Friends, can I tell you something? I love the idea of this verse when I’m the one who is receiving the love. I love imagining my husband laying down his life for me. I love the idea of my friends being selfless and giving for my sake when I’m wounded or wrong or just in need of some TLC.
But the idea of giving myself up for someone else? Yeah no. Hard pass.

I know that cost and it makes me tremble with fear. You see, love is beautiful in many different ways, but the love Christ has called us to is more than just a pleasant feeling.

It’s a constant dying to oneself.

It’s saying no to YOUR wants and desires for the sake of others and ultimately the Gospel.

It’s forgiving your siblings, parents, spouse, or friends for wounding you deeply and then choosing to love and selflessly serve them again.
It’s picking up the phone for that needy friend at 2:30am or opening up your home when you’re exhausted and finally just put your feet up.

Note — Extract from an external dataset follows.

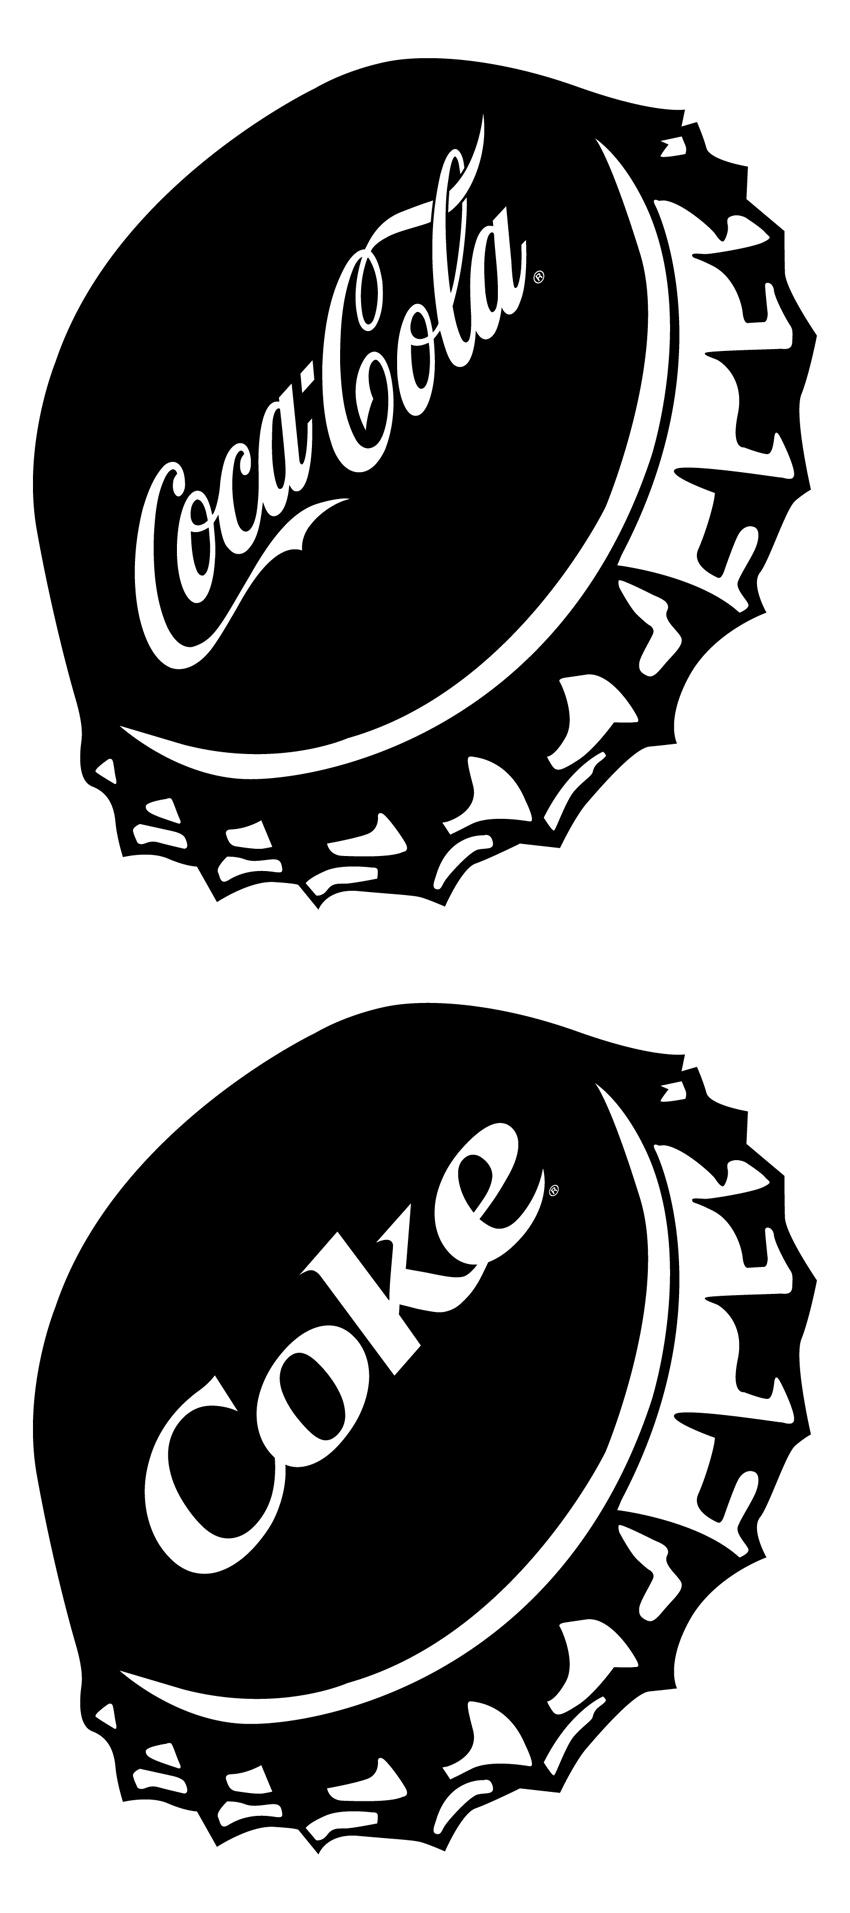 coca cola clip art free logo - photo #30
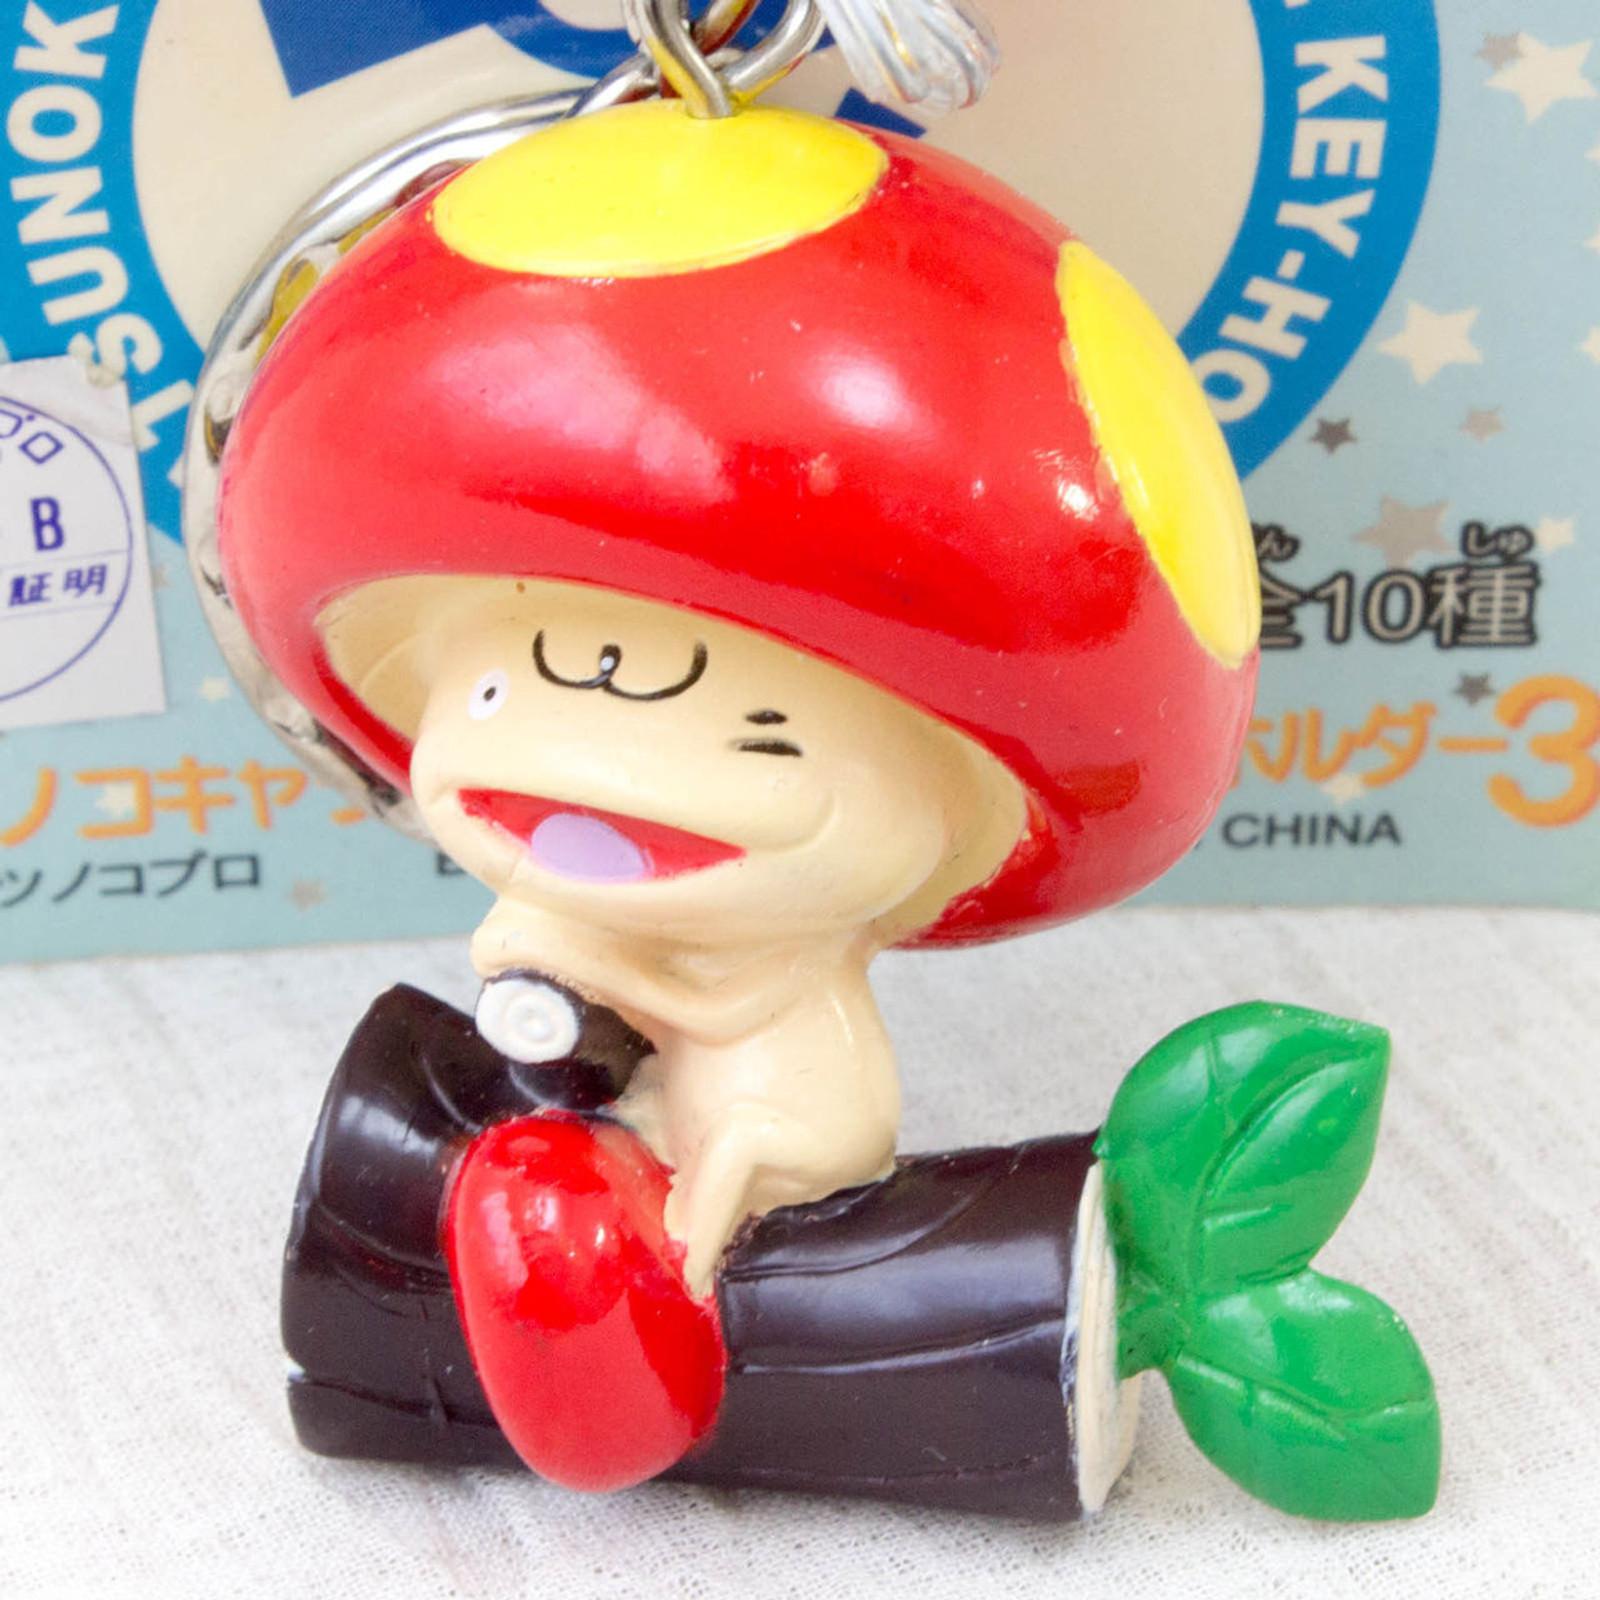 Paul's Miraculous Adventure Chinoppi Figure Key Chain Tatsunoko Pro JAPAN ANIME

Love looks this overused idea of self-care straight in the eyes and says, “Sure I’ll be a good steward of my body and time and resources, but that looks mostly like giving it all away for the kingdom’s sake.” That doesn’t mean we don’t rest and neglect ourselves. (I’m looking at you over-achieving people pleasers who can’t say no, because love also is saying NO sometimes). But it means that more often than not, we put the good of others first and love our neighbors as ourselves.

Love is a many splendored thing (name that movie for 5+ points), but let us not forget that the love that we are called to live-out looks like a God coming to earth as man, living a perfect life, and being beaten and shamed and ultimately killed so that He could overcome death and sin and be raised from the dead so that you and I could live in eternity with Him, restored. Every wound healed, every tear wiped away.

Greater love has no one than this.

And that is the love we’re called to replicate today.

Hopers, I say this with timidity because I know the cost and the hard thing that He’s calling us to, but I also know that joy is ever-present, even in the laying down. Christ never said it’d be easy, nor did He say we wouldn’t suffer. But He did say He’d never leave us, and His word tells us that His love will fuel this crazy selfless love in our own lives in seasons of joy, pain, and the everyday in between.

So this week as we talk about love and as you live a life of love on mission, I want to leave you with these questions:

Who is God calling you to lay down your life for? Your family? Friends? That outsider?

How can you selflessly love and lay down your life?

What is one tangible way you can love like Jesus this week?